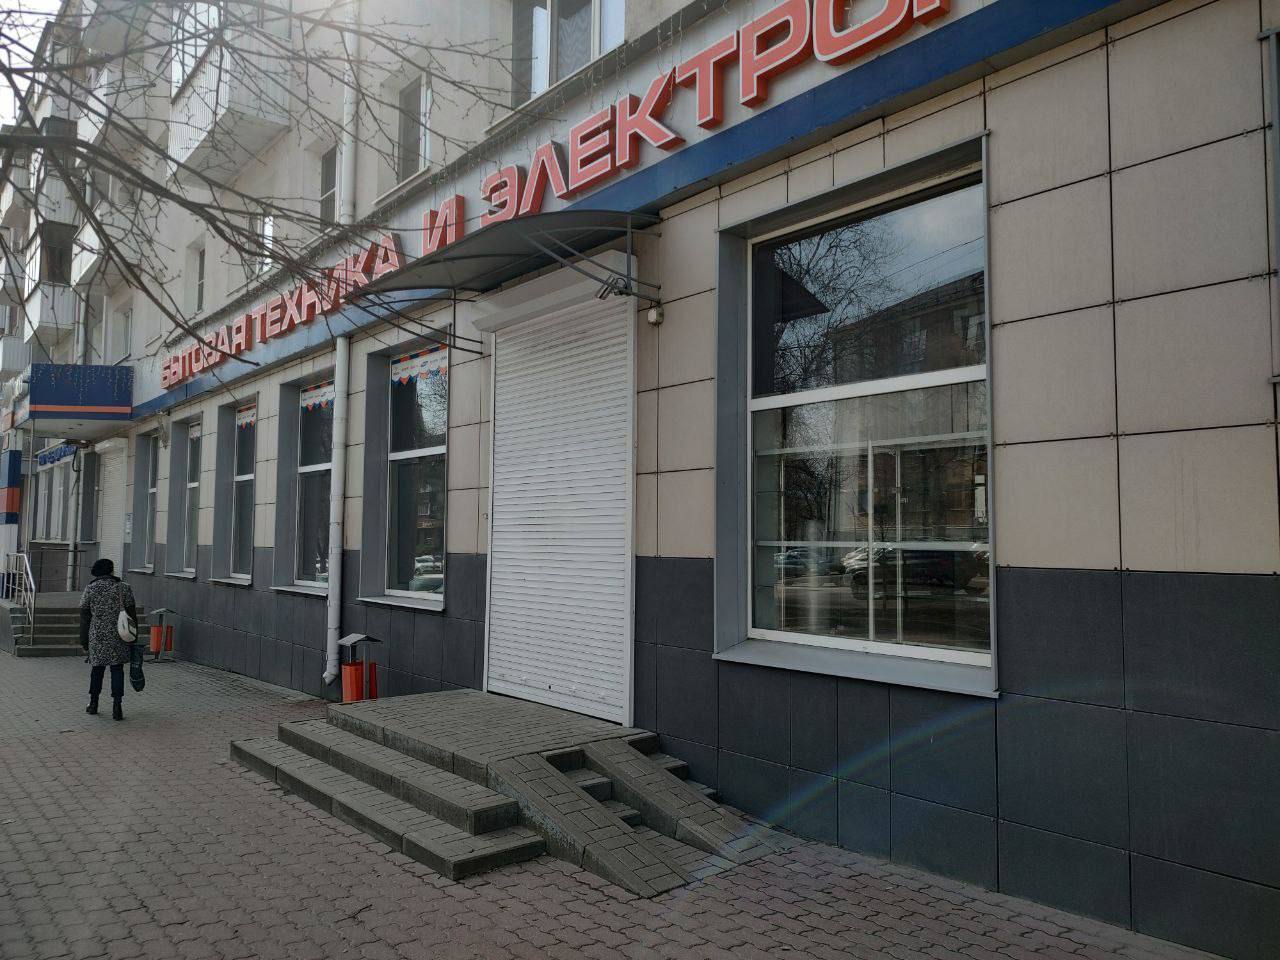 Ещё один крупный магазин закрывается в Белгороде
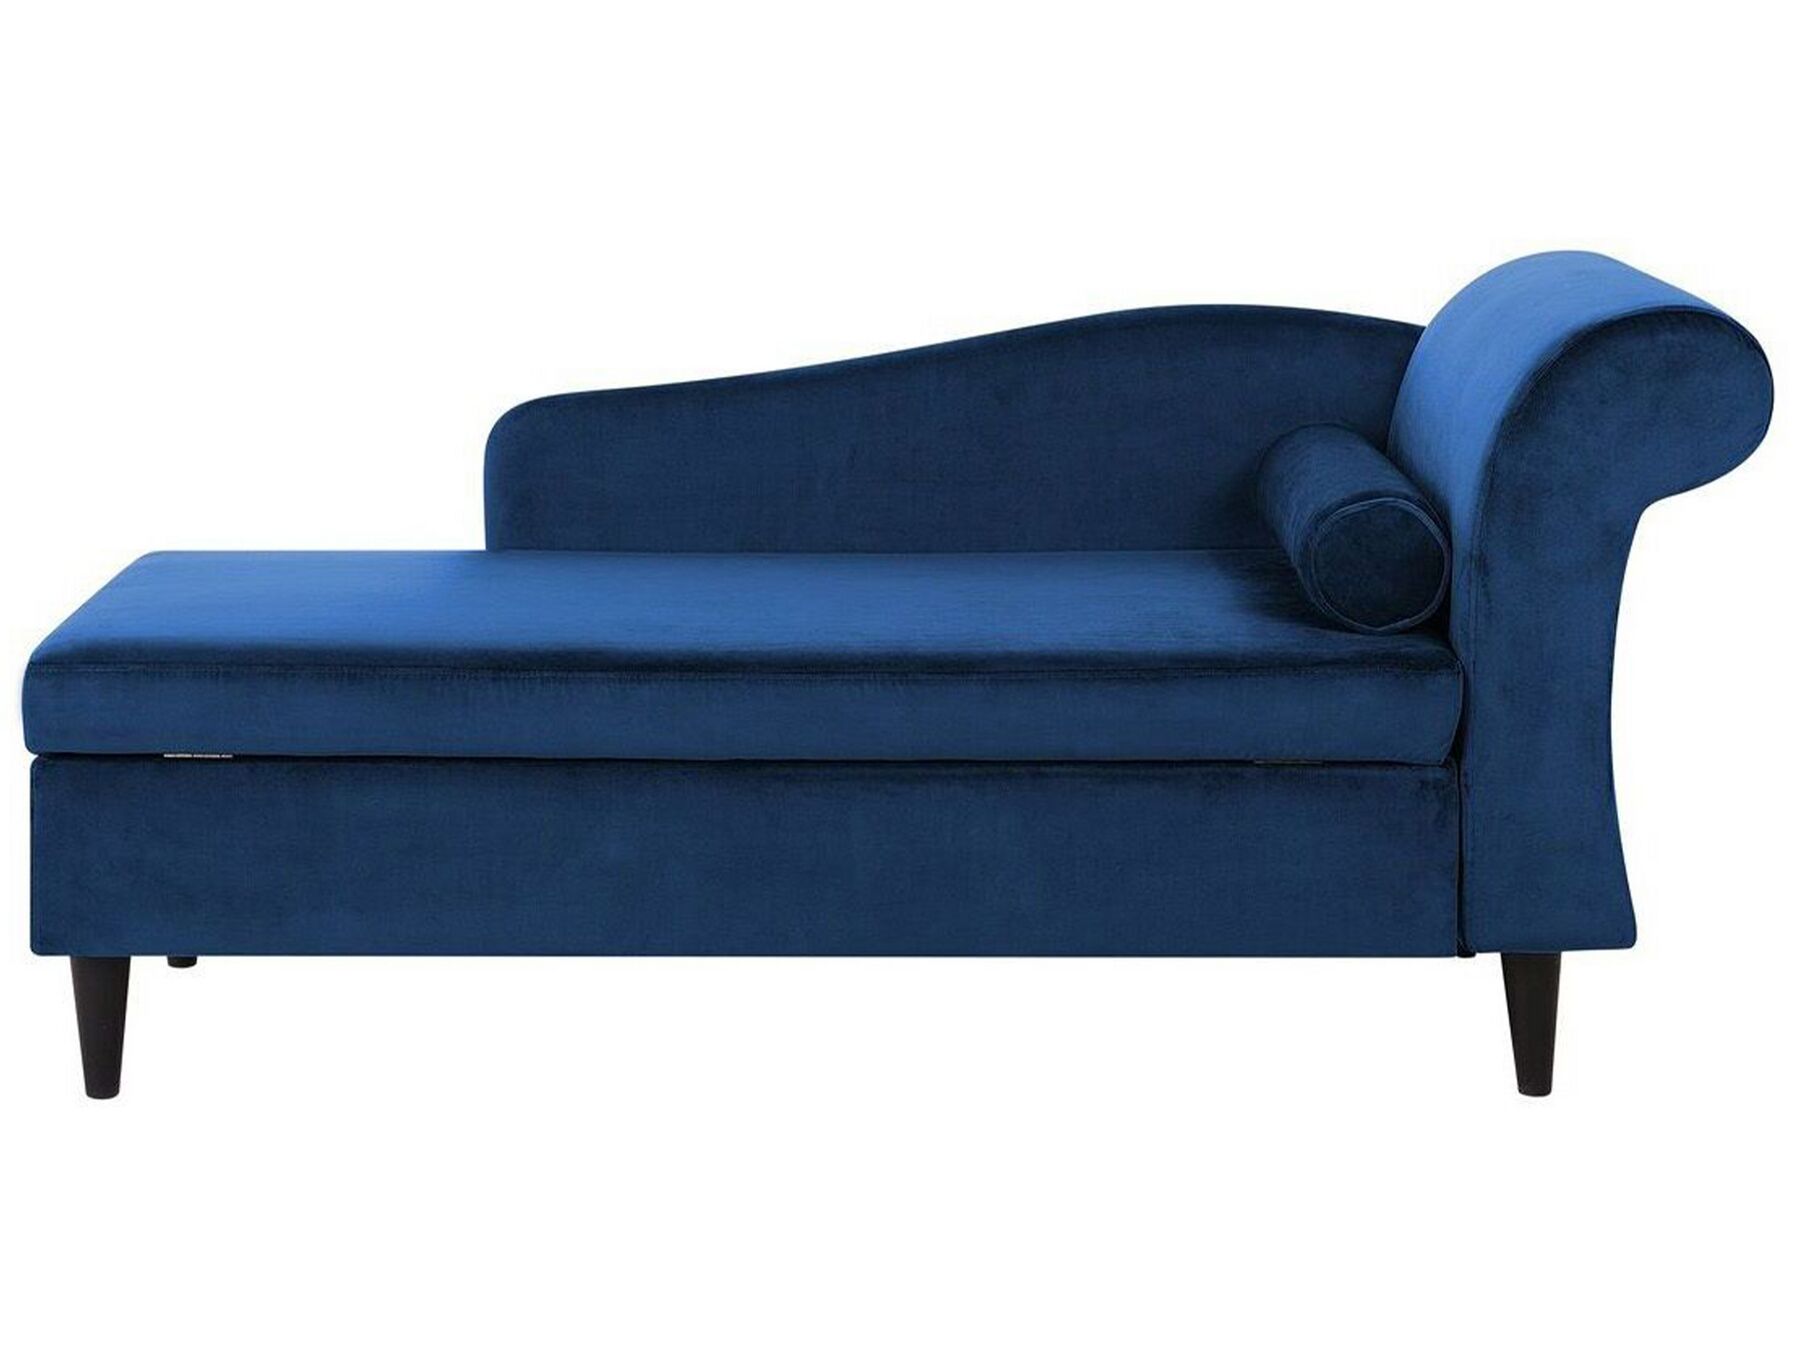 Chaise-longue à direita em veludo azul marinho LUIRO_769584
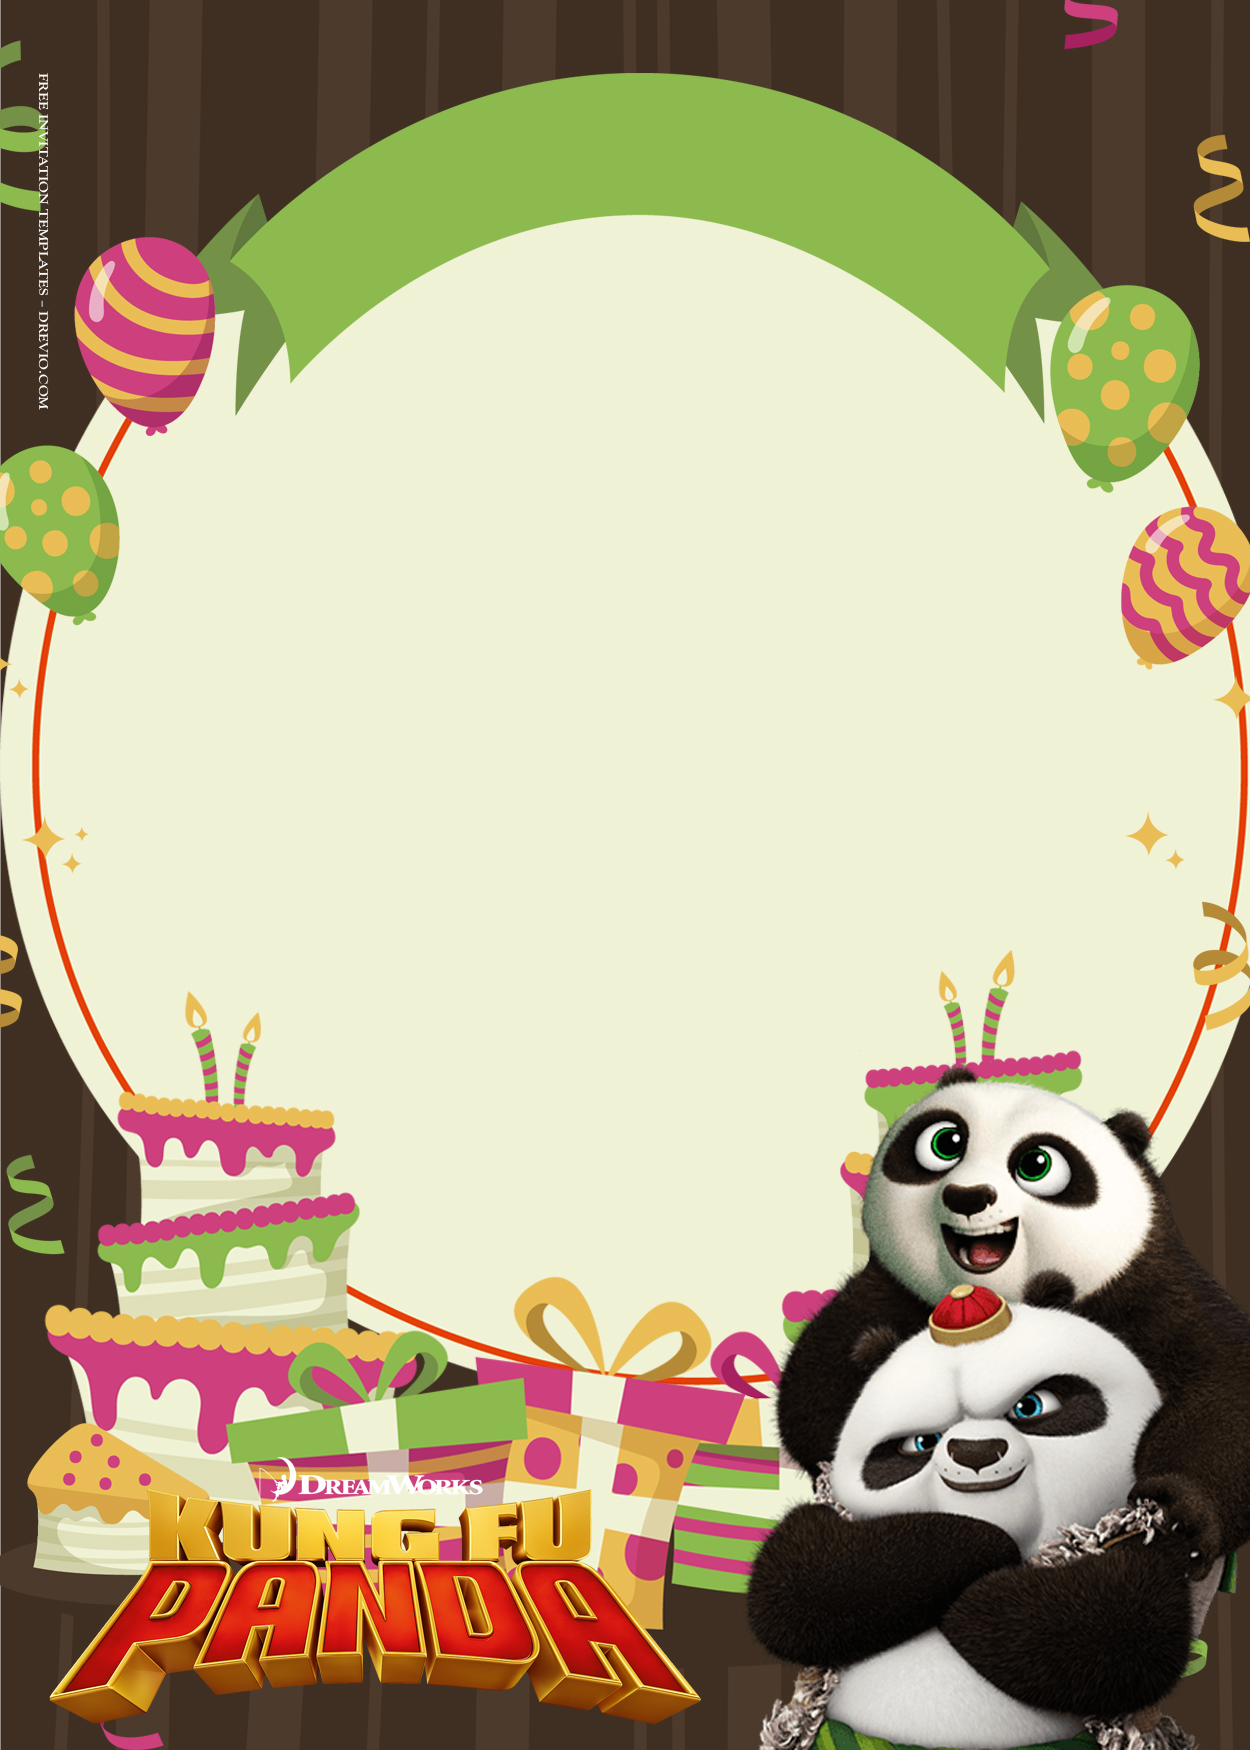 11+ Kungfu Panda The Breaking Dance Birthday Invitation Templates Three

TASK PROMPT: Where a picture appears, skip it and copy the rest of the data word for word.

RESPONSE FOR THIS EXERCISE:
 Ещё один крупный магазин закрывается в Белгороде
 Chaise-longue à direita em veludo azul marinho LUIRO_769584
 11+ Kungfu Panda The Breaking Dance Birthday Invitation Templates Three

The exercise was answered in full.